A música brasileira está em luto. O cantor e compositor baiano João Gilberto, um dos criadores e principal nome da Bossa Nova, morreu neste sábado, 6 de julho de 2019, aos 88 anos de idade, no Rio de Janeiro, informou seu filho João Marcelo nas redes sociais. “Meu pai morreu. Sua luta foi nobre, ele tentou manter a dignidade à luz da perda da independência. Agradeço minha família por estar aqui por ele", escreveu o filho do cantor. A informação também foi confirmada pela neta Sofia.


Filho do comerciante Juveniano Domingos de Oliveira e de Martinha do Prado Pereira de Oliveira, a Patu, João viveu em terras juazeirenses até 1942, aos 11 anos, quando seguiu para estudar em Aracaju. Na volta, a música já tinha arrebatado o estudante e ele fundou o primeiro grupo, Enamorados do Ritmo. Juazeiro ficou pequena.


Aos 18 anos, em Salvador, já trabalhava com carteira assinada na Rádio Sociedade da Bahia. Ainda seguia os mandamentos de Orlando Silva, tentado imitá-lo, quando o grupo vocal Garotos da Lua o chamou para gravar no Rio de Janeiro dois discos em 78 rotações.

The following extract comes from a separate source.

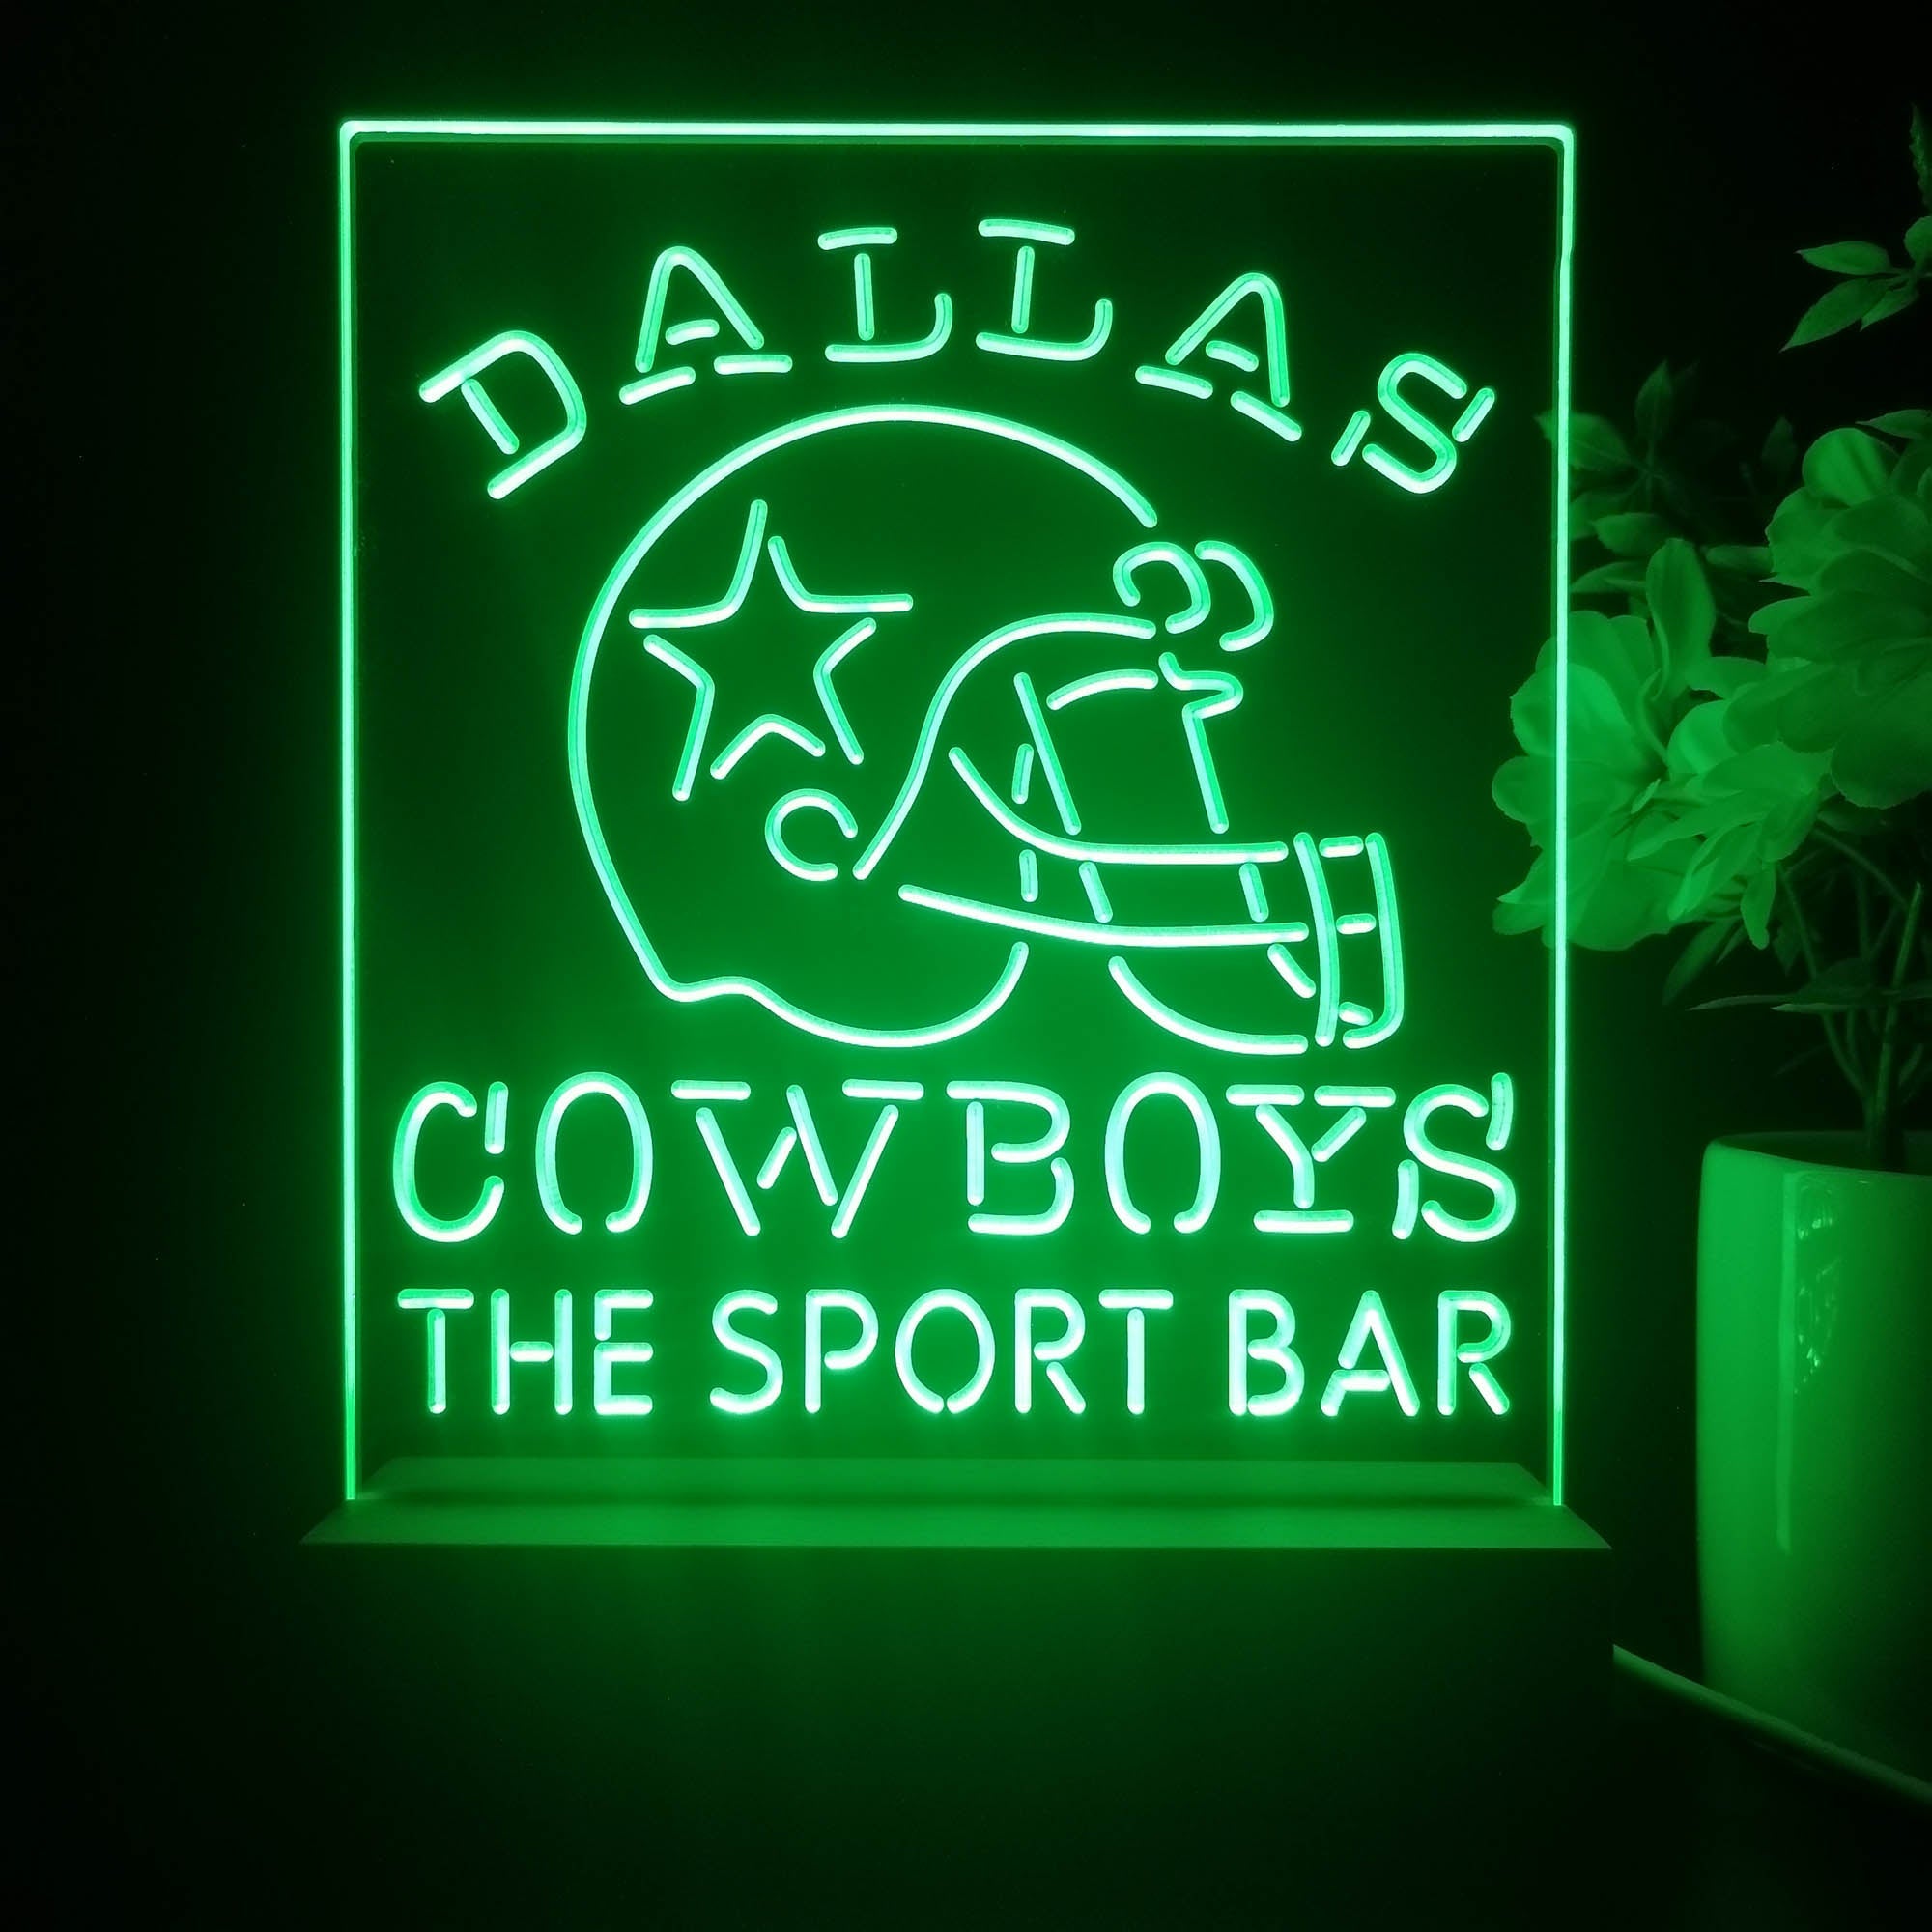 Personalized Dallas Cowboys Souvenir Neon LED Sign Lamp

A então capital do país fervia na segunda metade dos anos 50 e foi lá que João se estabeleceu aos 26 anos, em 1957. Sem muitos recursos, seguia a trilha de quem queria ser alguém com um violão debaixo do braço. Cantou para quem poderia fazer a diferença, como o cantor Tito Madi, mas teve mais sorte ao cair nas graças do produtor e também violonista Roberto Menescal.


Após um período recluso, dizem que de volta a Juazeiro, na Bahia, desenvolveu a batida de violão que se tornaria a maior característica da Bossa Nova. Bim Bom, uma das primeiras que apresentou aos círculos de artistas no Rio, já trazia o caminhão com a carroceria cheia. A levada uniforme deslocando acentos fortes para lugares incomuns, a harmonia abrindo picadas onde ainda ninguém havia passado, a mão que fazia acordes fazendo também percussão. E a voz. A voz de João deixava as tentativas da impostação e partia para o que fazia o trompetista Chet Baker quando cantava. Volume baixo e notas de longa duração, limpas, sem vibrato.


Era julho de 1958 quando Elizeth Cardoso apareceu com o disco Canção do Amor Demais, com músicas de Tom Jobim e Vinicius de Moraes. Ao violão em duas das faixas, Chega de Saudade e Outra Vez, João Gilberto. Era a Bossa Nova. Estava transformada de forma definitiva a história da música brasileira.